7.1. Orar em função dos outros à nossa volta

Orar para os outros à nossa volta. Um problema com a oração feita em voz alta e em público é que a presença das pessoas à nossa volta não pode deixar de influir negativamente na espontaneidade oração que fazemos. Quando oramos em público e em voz alta, temos a tendência de escolher melhor as palavras, dizer algumas coisas para mostrar aos outros que temos fé, e não dizermos outras, que realmente estão em nossos corações, porque os outros nos poderiam julgar mal. Uma oração assim não é livre nem verdadeira. Mas há pessoas que se comprazem imensamente em orar publicamente, porque oram "bem", sabem dizer palavras que causam grande efeito nos ouvintes. Estas pessoas, na realidade, não oram a Deus. Elas oram para serem vistas (e ouvidas):

Mateus 6:5: E, quando orares, não sejas como os hipócritas; pois se comprazem em orar em pé nas sinagogas, e às esquinas das ruas, para serem vistos pelos homens. Em verdade vos digo que já receberam o seu galardão.

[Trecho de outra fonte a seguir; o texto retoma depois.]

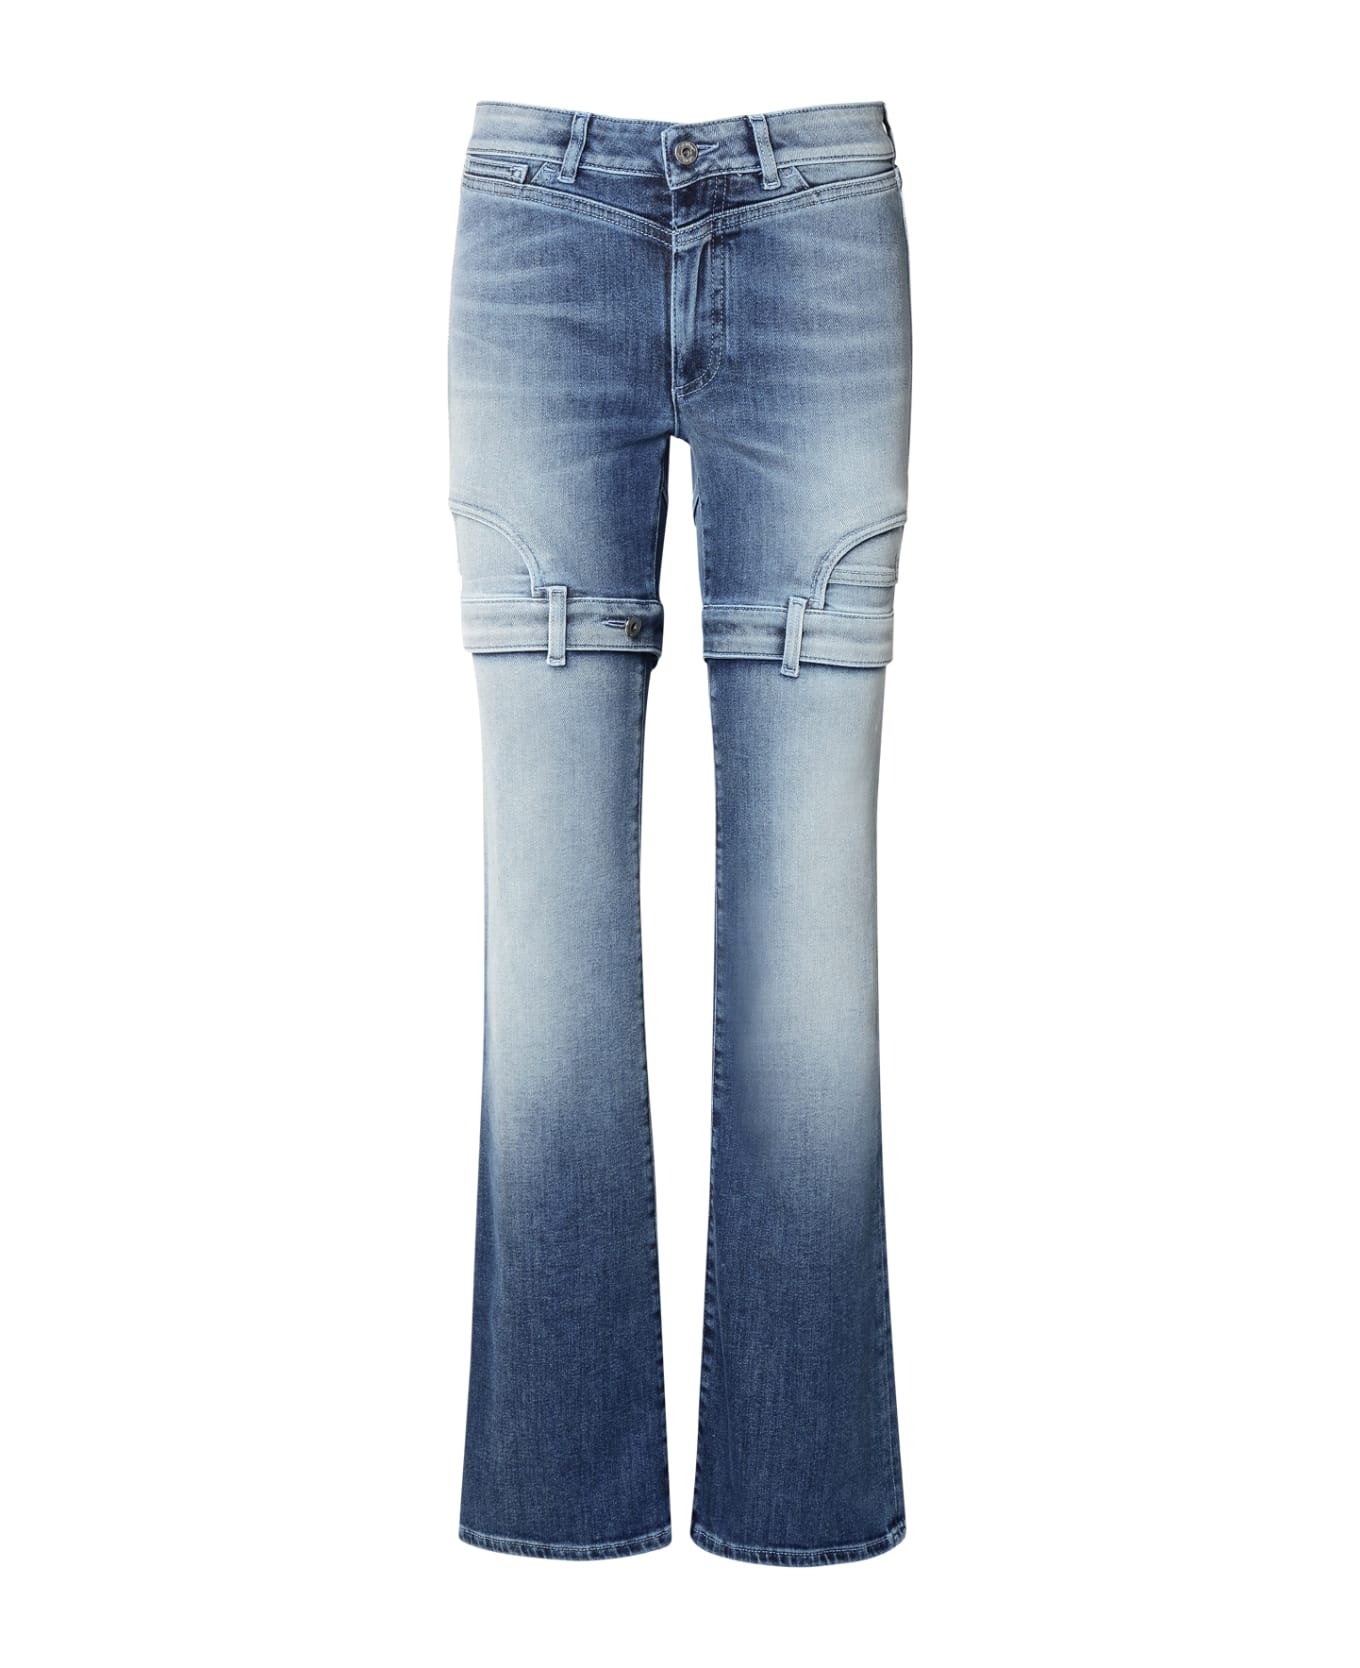 Off-White Cotton Jeans - Light Blue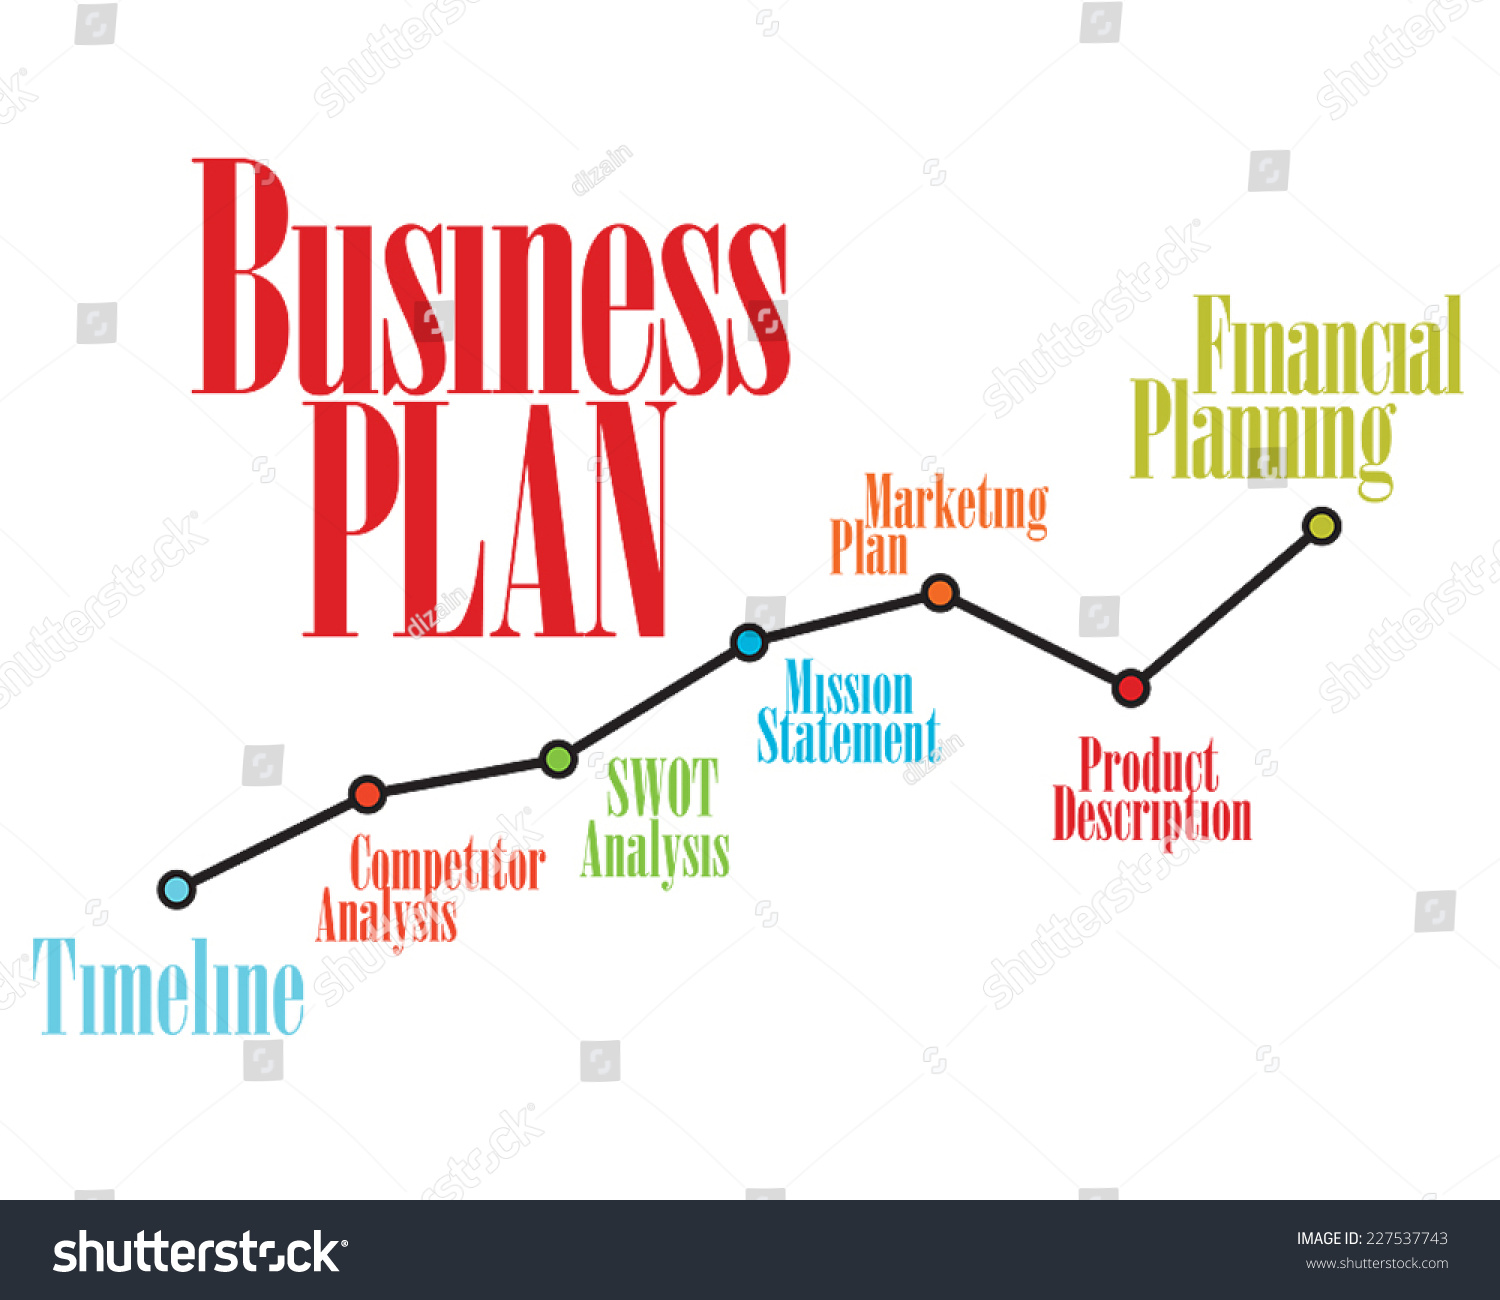 Business plan financial planner

7.2. Orar insistindo com Deus

Repetir insistentemente nossas súplicas é prova apenas de falta de confiança em Deus. Isto fazemos não somente quando repetimos vezes seguidas as mesmas palavras a Deus, mas também quando, no pensamento, ficamos depois inquietos, preocupados com o problema que já entregamos a Deus em oração. Pois muitas vezes oramos sobre alguma dificuldade, dizemos que confiamos no Senhor, mas depois, no pensamento, continuamos atormentados pelo problema e ansiosos pela solução. Isto é insistente repetição também. Se já oramos, e sabemos que o Senhor nos ouviu, devemos descansar o espírito e esperar com confiança a providência dEle.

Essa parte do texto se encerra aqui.